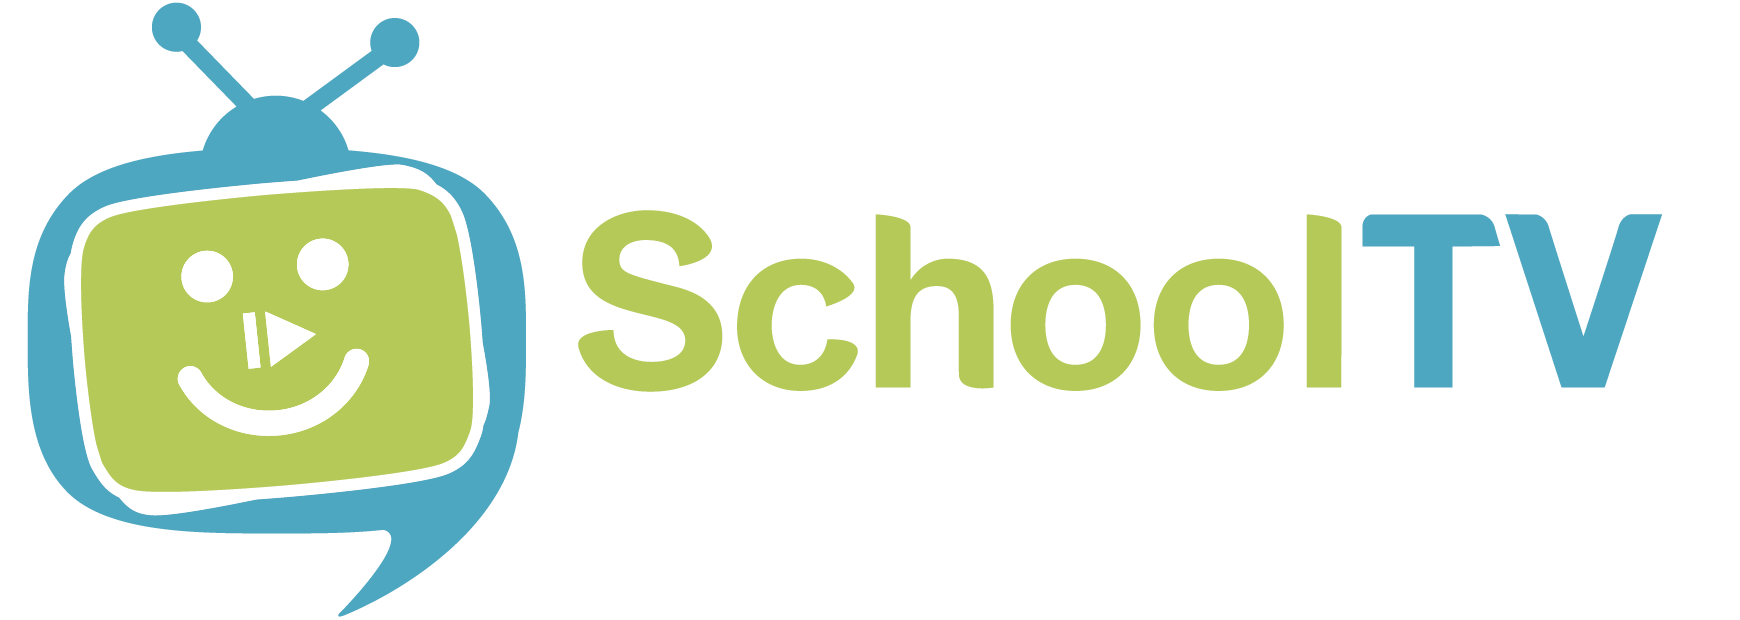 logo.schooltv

--

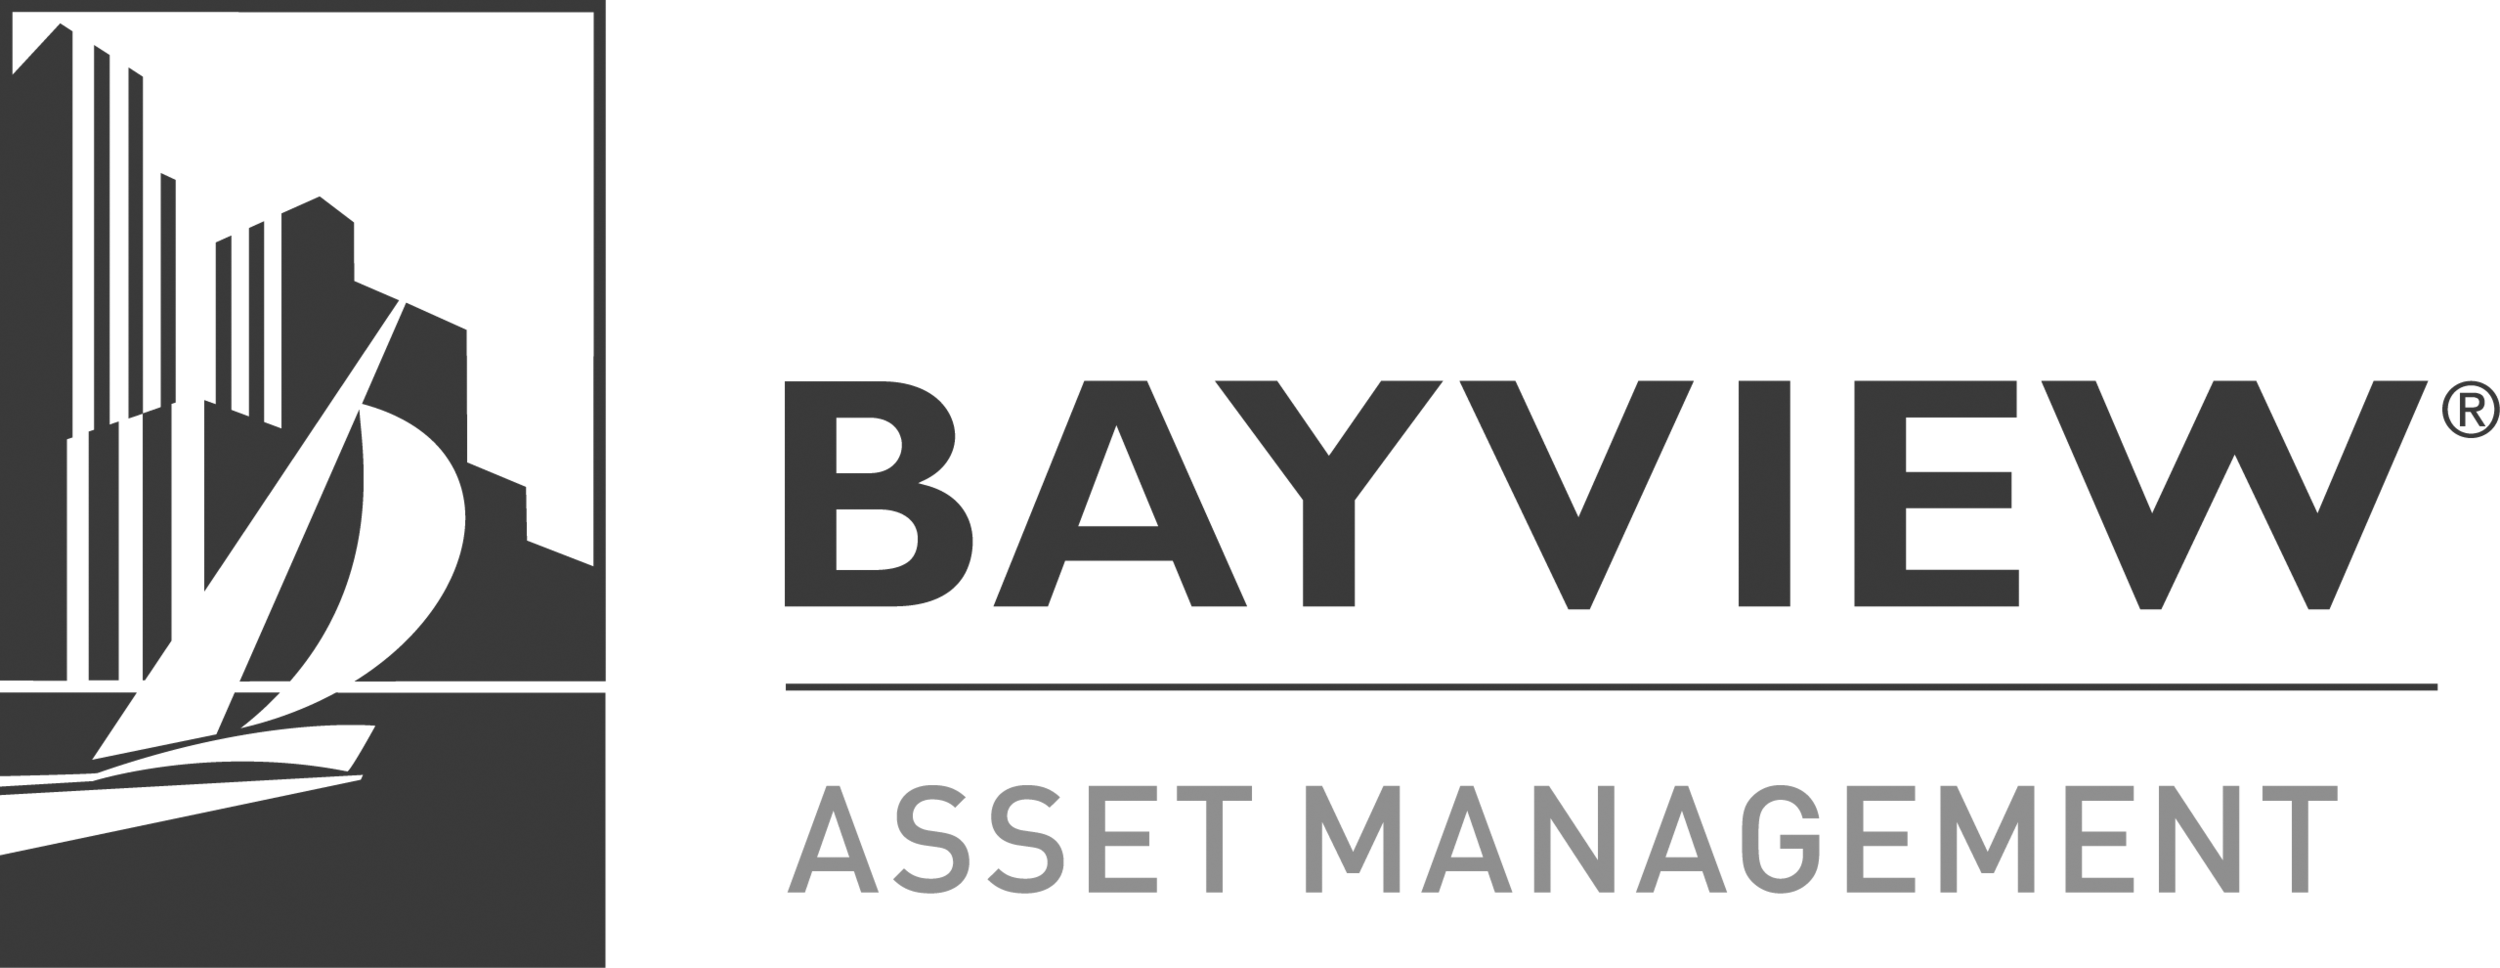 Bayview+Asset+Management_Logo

* * *

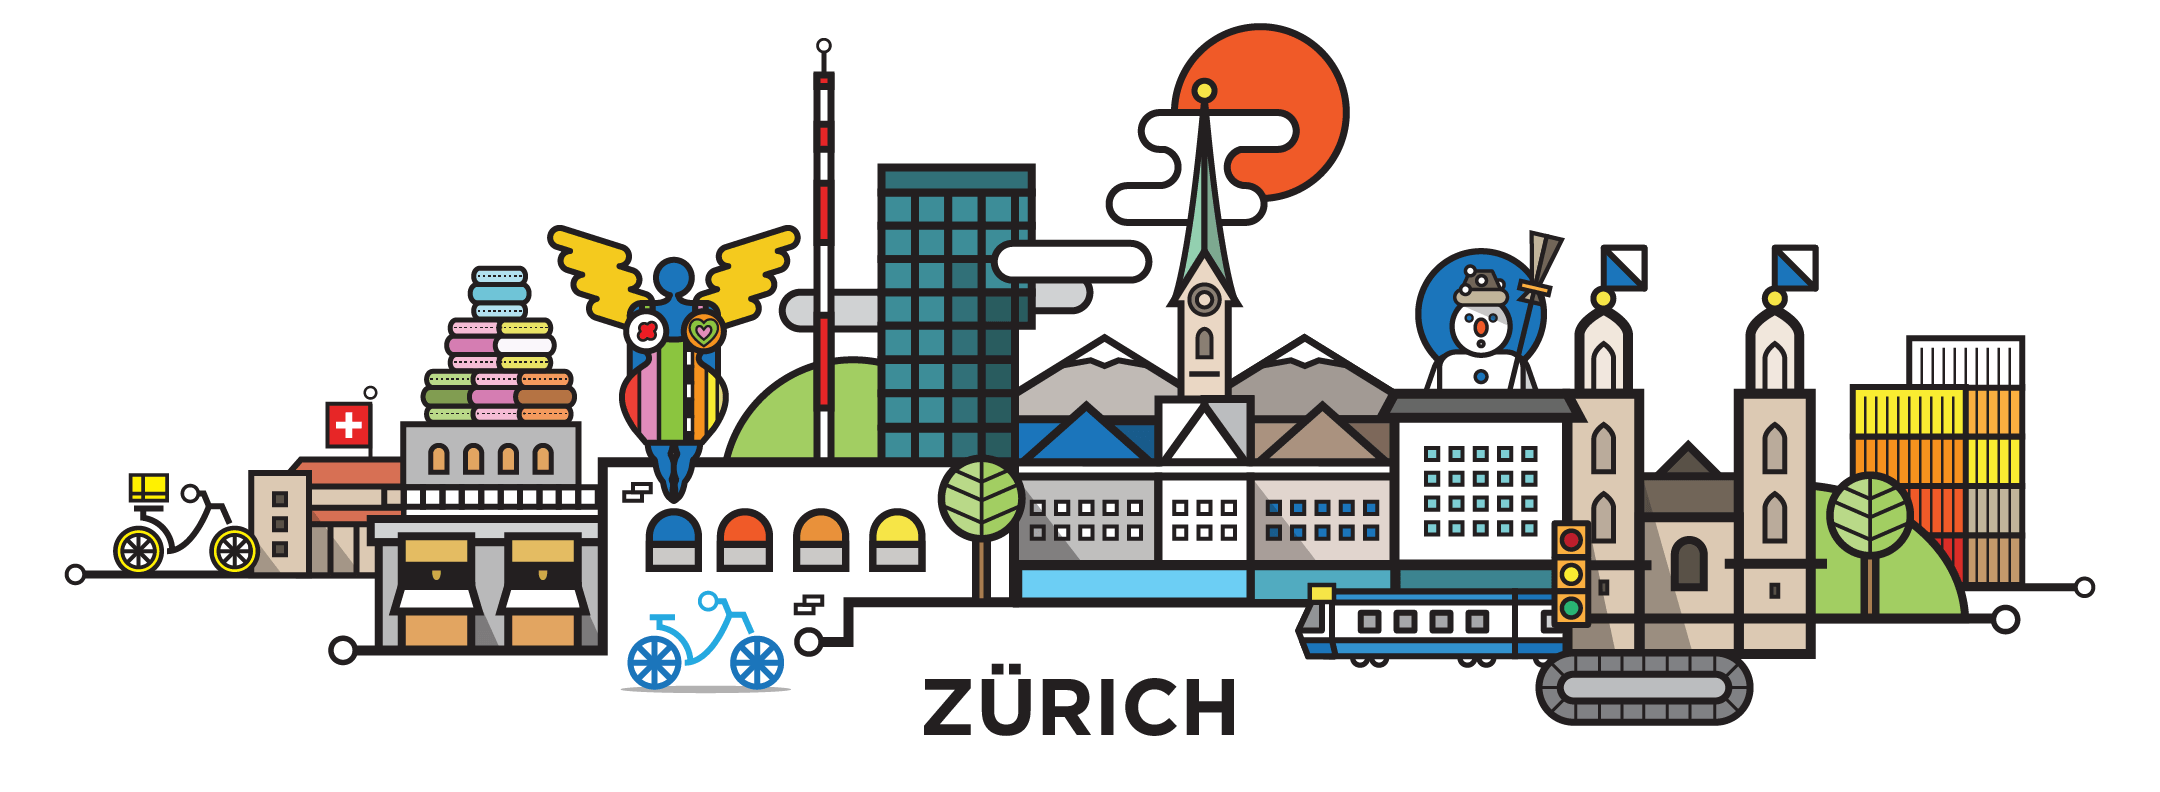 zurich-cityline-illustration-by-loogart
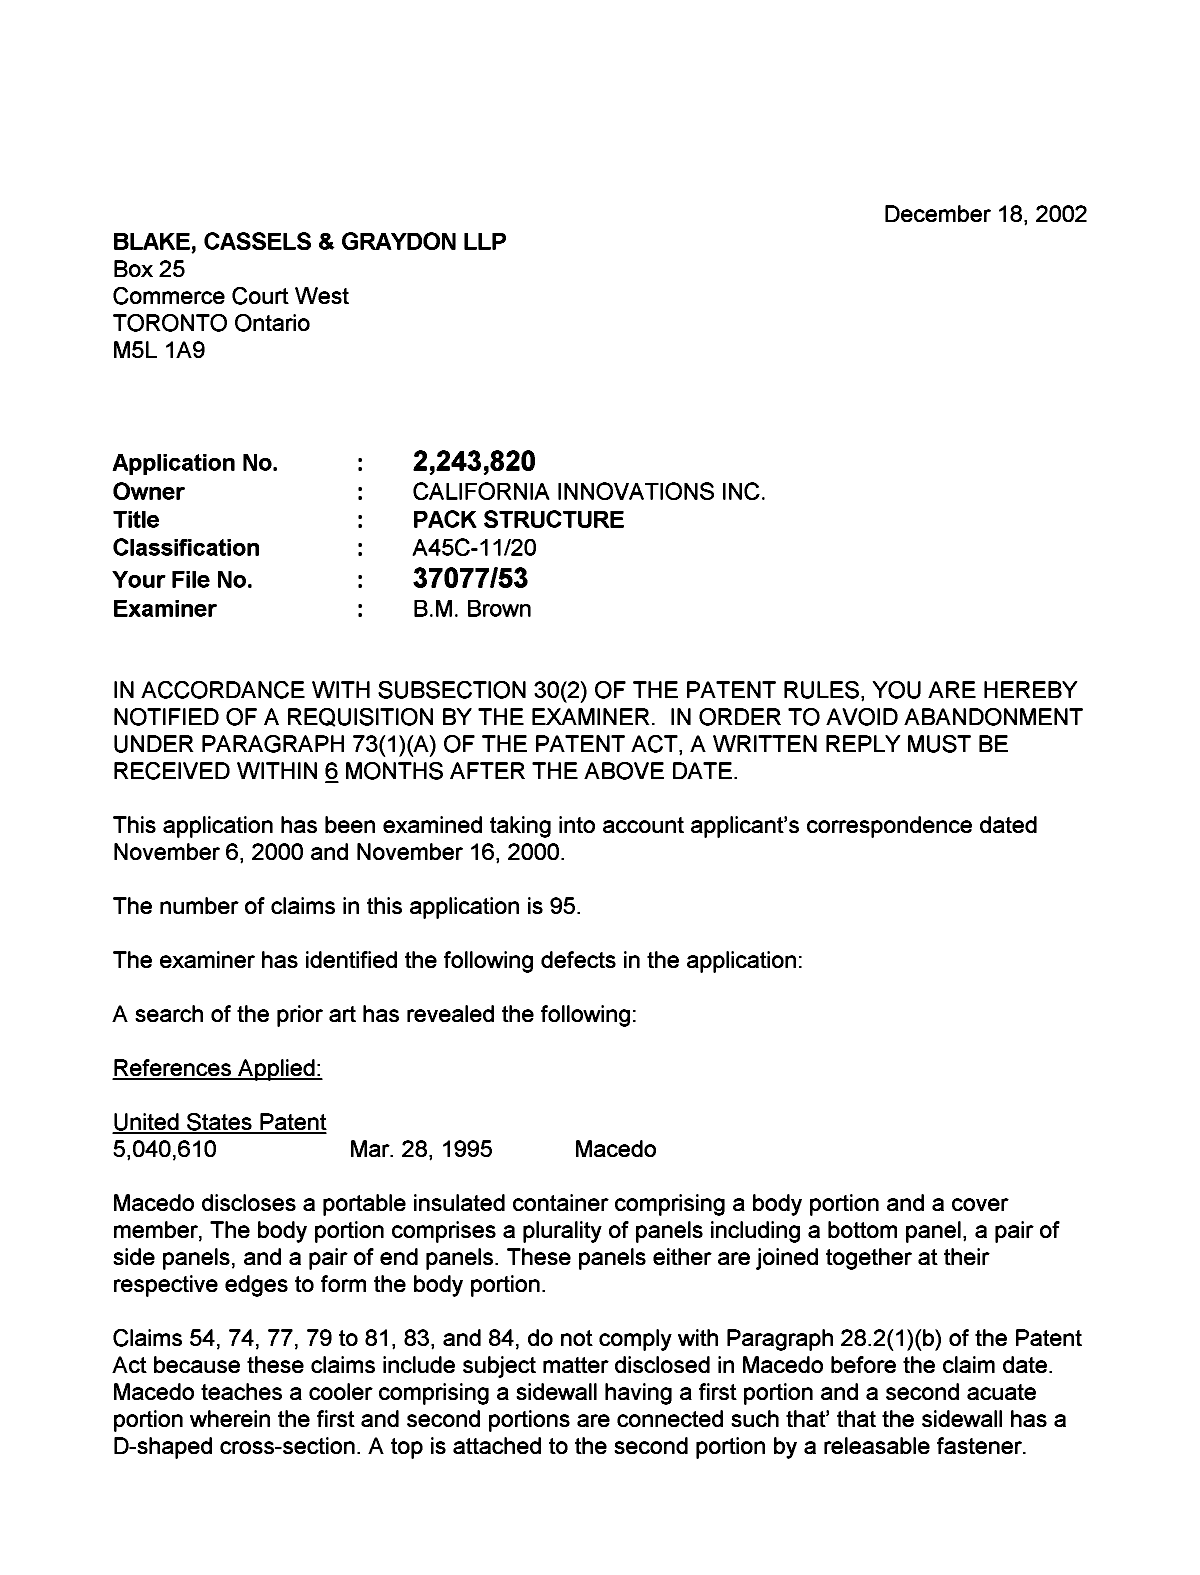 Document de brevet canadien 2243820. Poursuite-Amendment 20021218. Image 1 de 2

» About this task
The answer is the lines above from the one with "zurich-cityline-illustration-by-loogart" to the one with "Document de brevet", set down exactly, with no pictures.

» Response
 zurich-cityline-illustration-by-loogart
 Document de brevet canadien 2243820. Poursuite-Amendment 20021218. Image 1 de 2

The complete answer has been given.